PERFECT FORWARD SECRECY IN THE WILD
Most websites run without Perfect Forward Secrecy.
When you login to Amazon.com, for example, it's not used. Same for yahoo.com, americanexpress.com, chase.com, wellsfargo.com, citibank.com, bankofamerica.com, capitalone.com, bnymellon.com, citizensbankonline.com, fidelity.com, vanguard.com, oppenheimerfunds.com, etrade.com, scottrade.com, schwab.com, jpmorgan.com, macys.com, llbean.com, bloomingdales.com, nordstrom.com, walmart.com, target.com, homedepot.com, newegg.com, apple.com, lenovo.com, dell.com, hp.com and paypal.com.
But, when you login to gmail.com there is forward secrecy, at least with Google's Chrome and other modern* web browsers.
If Perfect Forward Secrecy offers extra security, why do so few websites use it?
Perhaps some website operators aren't aware of it. I doubt, however, that applies to Paypal, American Express and the banks for whom security is critical. Conspiracy theorists might suspect that some organizations were compelled not to use it. Nikos Mavrogiannopoulos, a mathematician with a PhD in cryptography, said that most servers prohibit the use of Perfect Forward Secrecy.
Chances are, that the answer is simply because it takes more computing horsepower.
Mavrogiannopoulos measured the overhead of Perfect Forward Secrecy. Without it, his test computer could perform 460 transactions per second (the higher the number the better the performance). Using the ECDHE-RSA that Google employs, he got 352 transactions/second, a 23% reduction. With the DHE-RSA used by Bloomberg, he got only 98 transactions/second.
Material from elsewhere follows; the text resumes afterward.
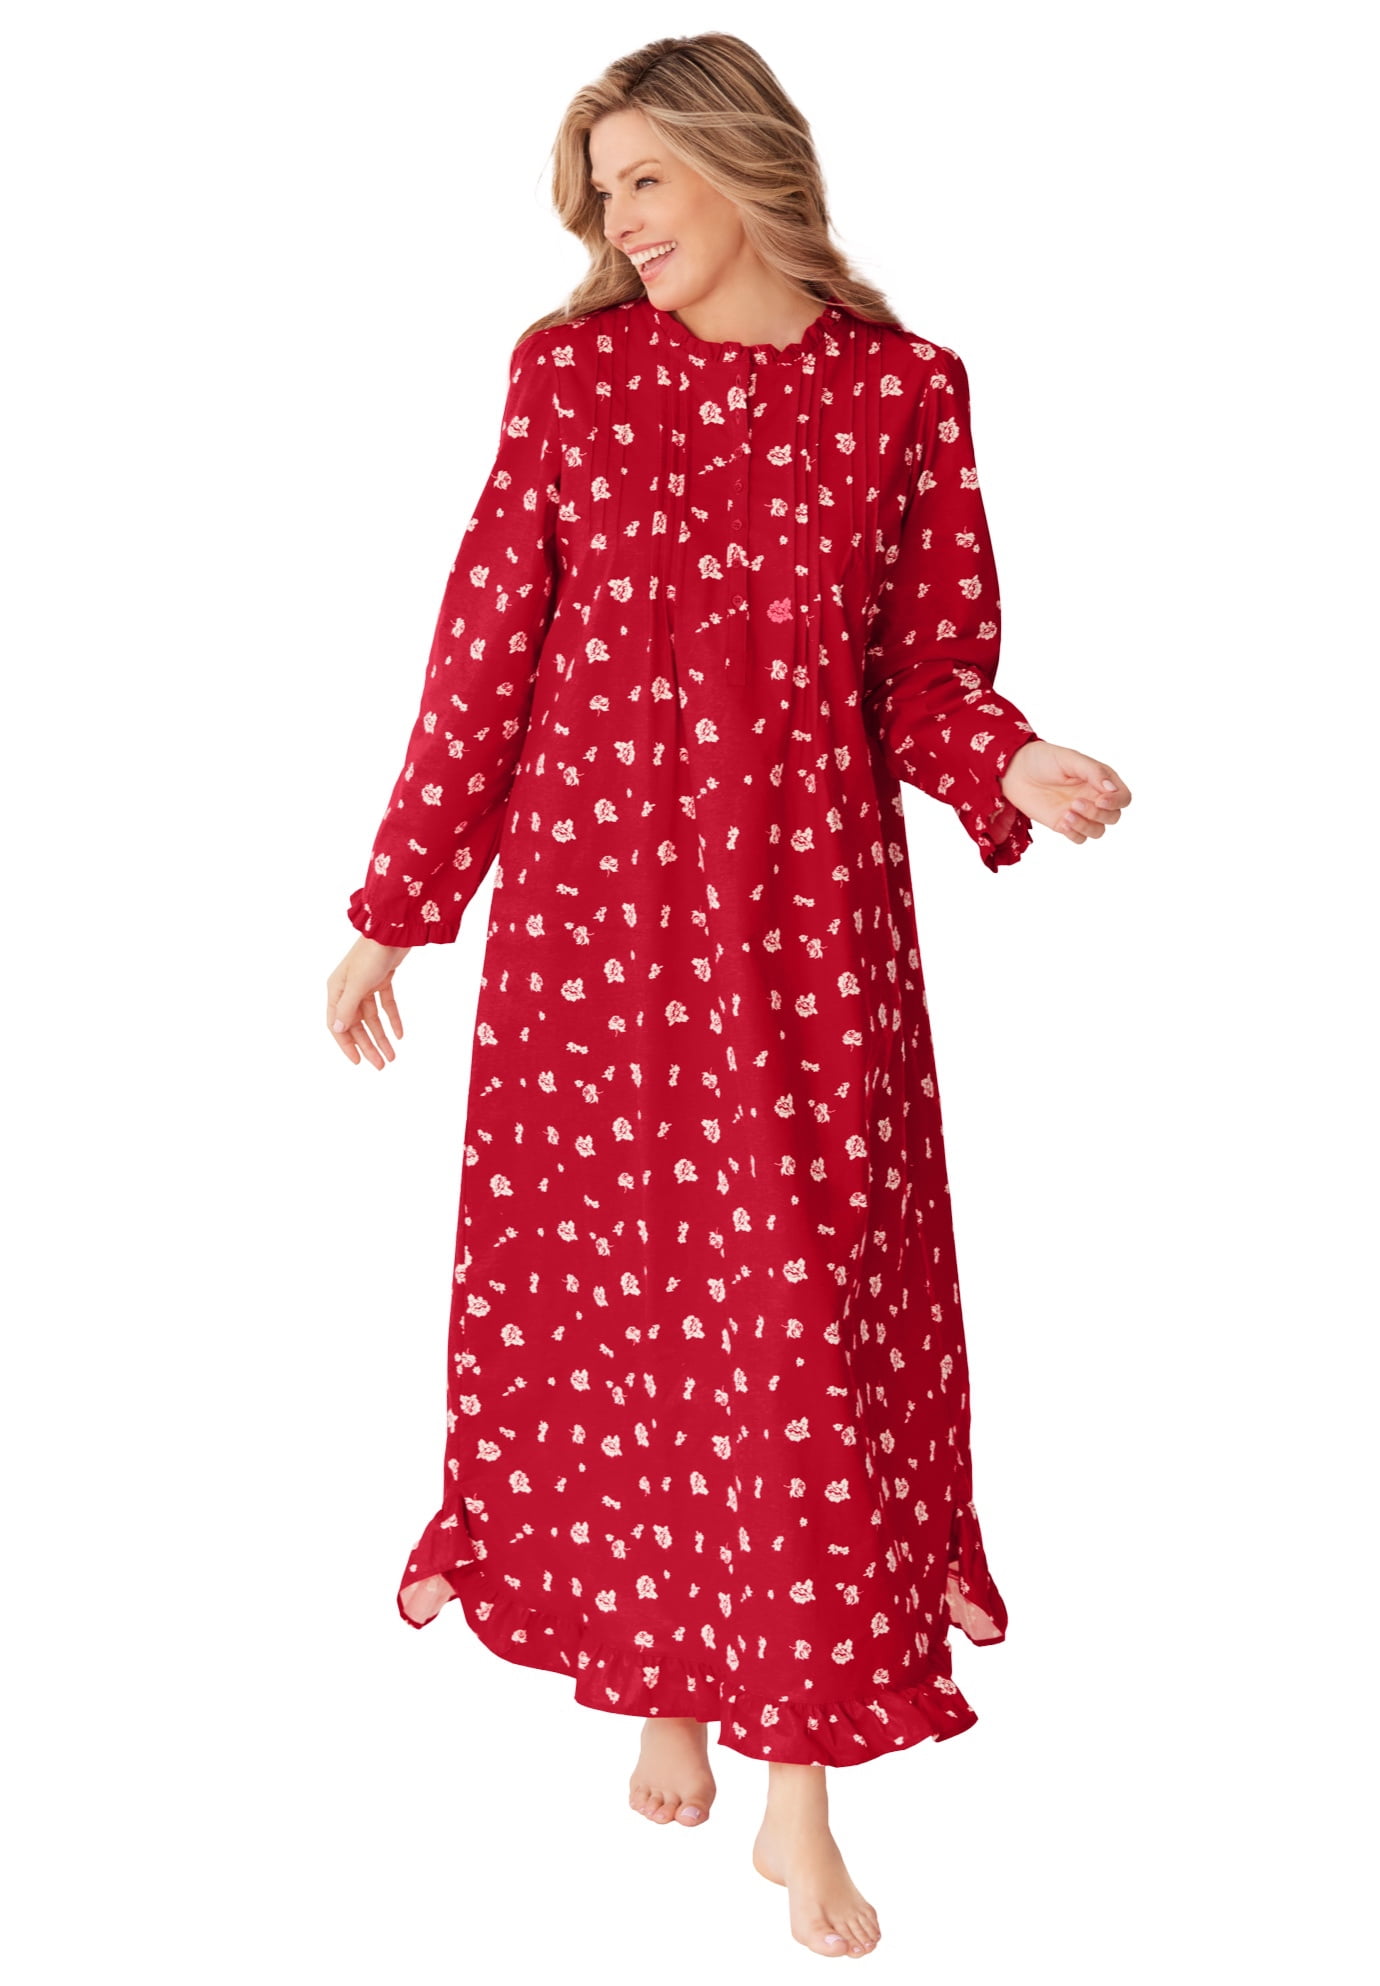 Only Necessities Women's Plus Size Long Flannel Nightgown Nightgown ...

Vincent Bernat found the overhead to be between 15% and 27% using ECDHE-RSA. However, that was for "full" TLS handshakes. Apparently the handshakes can also be resumed, something that's beyond my understanding.
WHO HOLDS THE KEYS?
Trivially easy, global spying on encrypted (what others call "secure") web pages is only possible if the NSA can get the private keys of the companies they want to spy on.
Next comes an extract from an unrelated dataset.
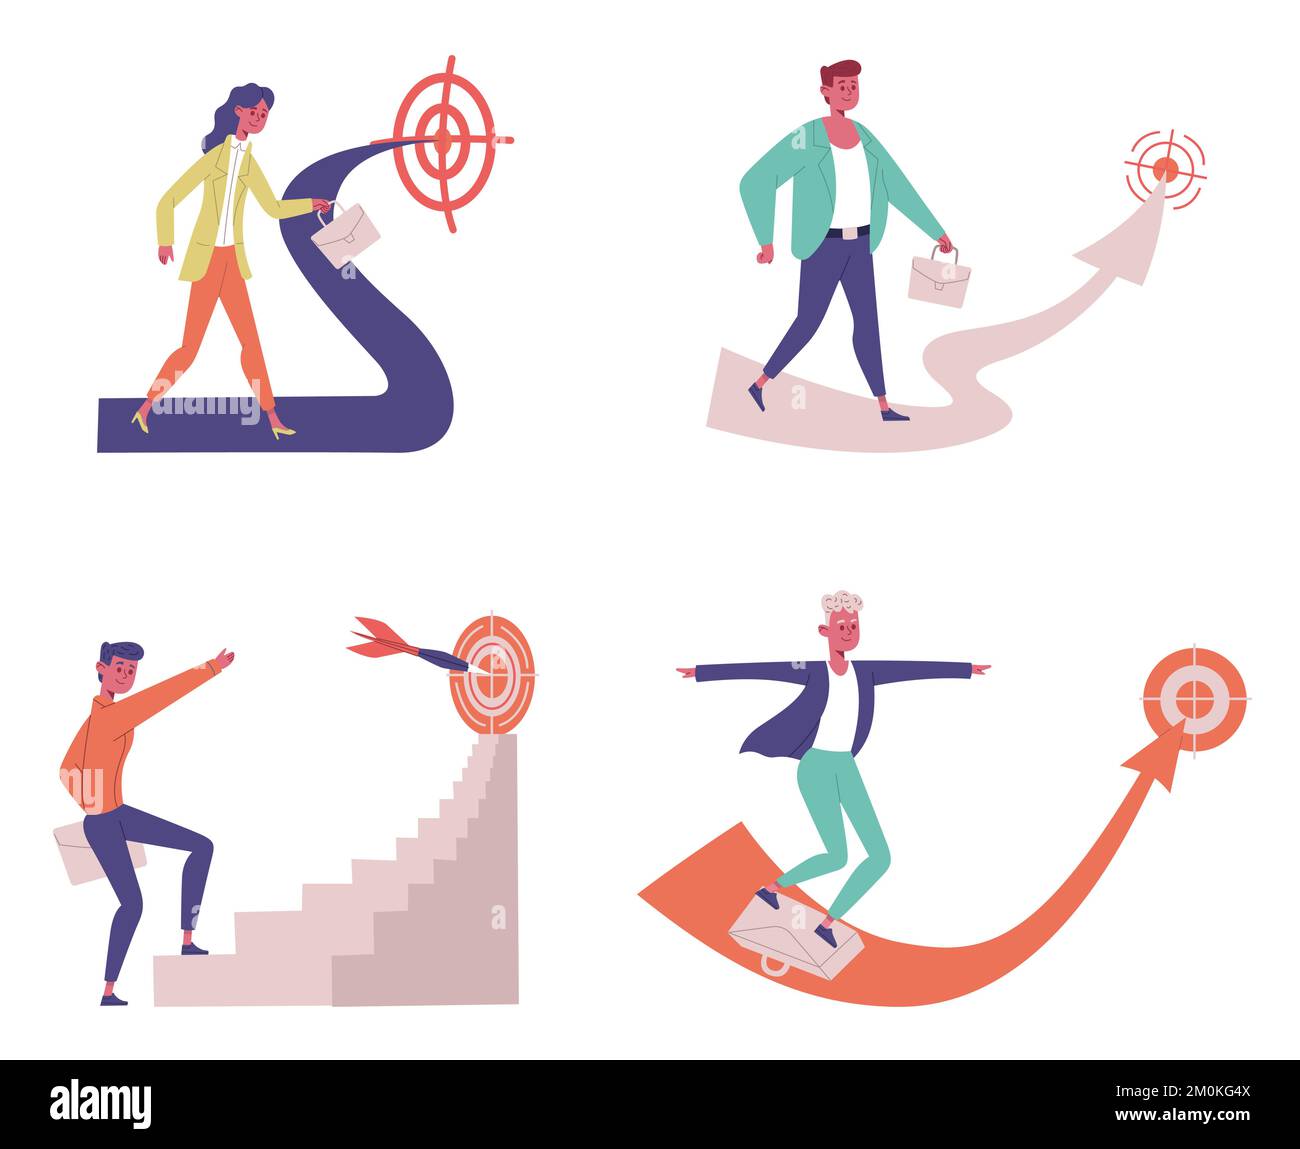 Business goals achievements. Female and male office workers going to aim, employees getting success at work Stock Vector

At the most basic level a private key is just a file and files can be copied without a trace. So, it's not hard to imagine a number of possible scenarios by which the private key might leak out.
For one, the computer running the website could be hacked either remotely, or if some breaking and entering is involved, locally. Then too, computers are administered by people and if the right person is made an offer they can't refuse ...
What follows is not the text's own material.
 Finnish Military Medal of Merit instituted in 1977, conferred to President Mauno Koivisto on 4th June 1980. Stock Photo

If nothing else, the recent Edward Snowden revelations remind us that the government has compelled companies to turn over information while forbidding them from saying anything publicly.
So, the next time someone near you enters sensitive information into a web page ask if the site employs Perfect Forward Secrecy. Tell them that without it, a single piece of data is all that prevents the NSA from passively spying on every user of that website in a totally undetectable way. If you read this far, you deserve to gloat.
Finally, a thank you to Google and Bloomberg for making your customers safer even though none of them know about it.
*Perfect forward secrecy at Gmail also works with modern versions of IE and Firefox. Google said it does not work, however, with IE on Windows XP. As for other browsers, Google said that their servers use forward security with any client that offers ECDHE. Does your browser support ECDHE? See Cipher Suites Supported by Your Browser.
UPDATE: June 25, 2013. Over at SSL Labs, they just today added a new feature (still in the experimental phase) that displays information about the use of Perfect Forward Secrecy by a website.
UPDATE: June 26, 2013. Yesterday was a big day for Perfect Forward Secrecy. Netcraft also did a big writeup on it. See SSL: Intercepted today, decrypted tomorrow.
UPDATE: June 26, 2013. PFS seems to be gaining steam. The Register did a story on it today: A simple SSL tweak could protect you from GCHQ/NSA snooping. Not worth reading though, it is just a re-hash of the yesterdays blog at SSL Labs.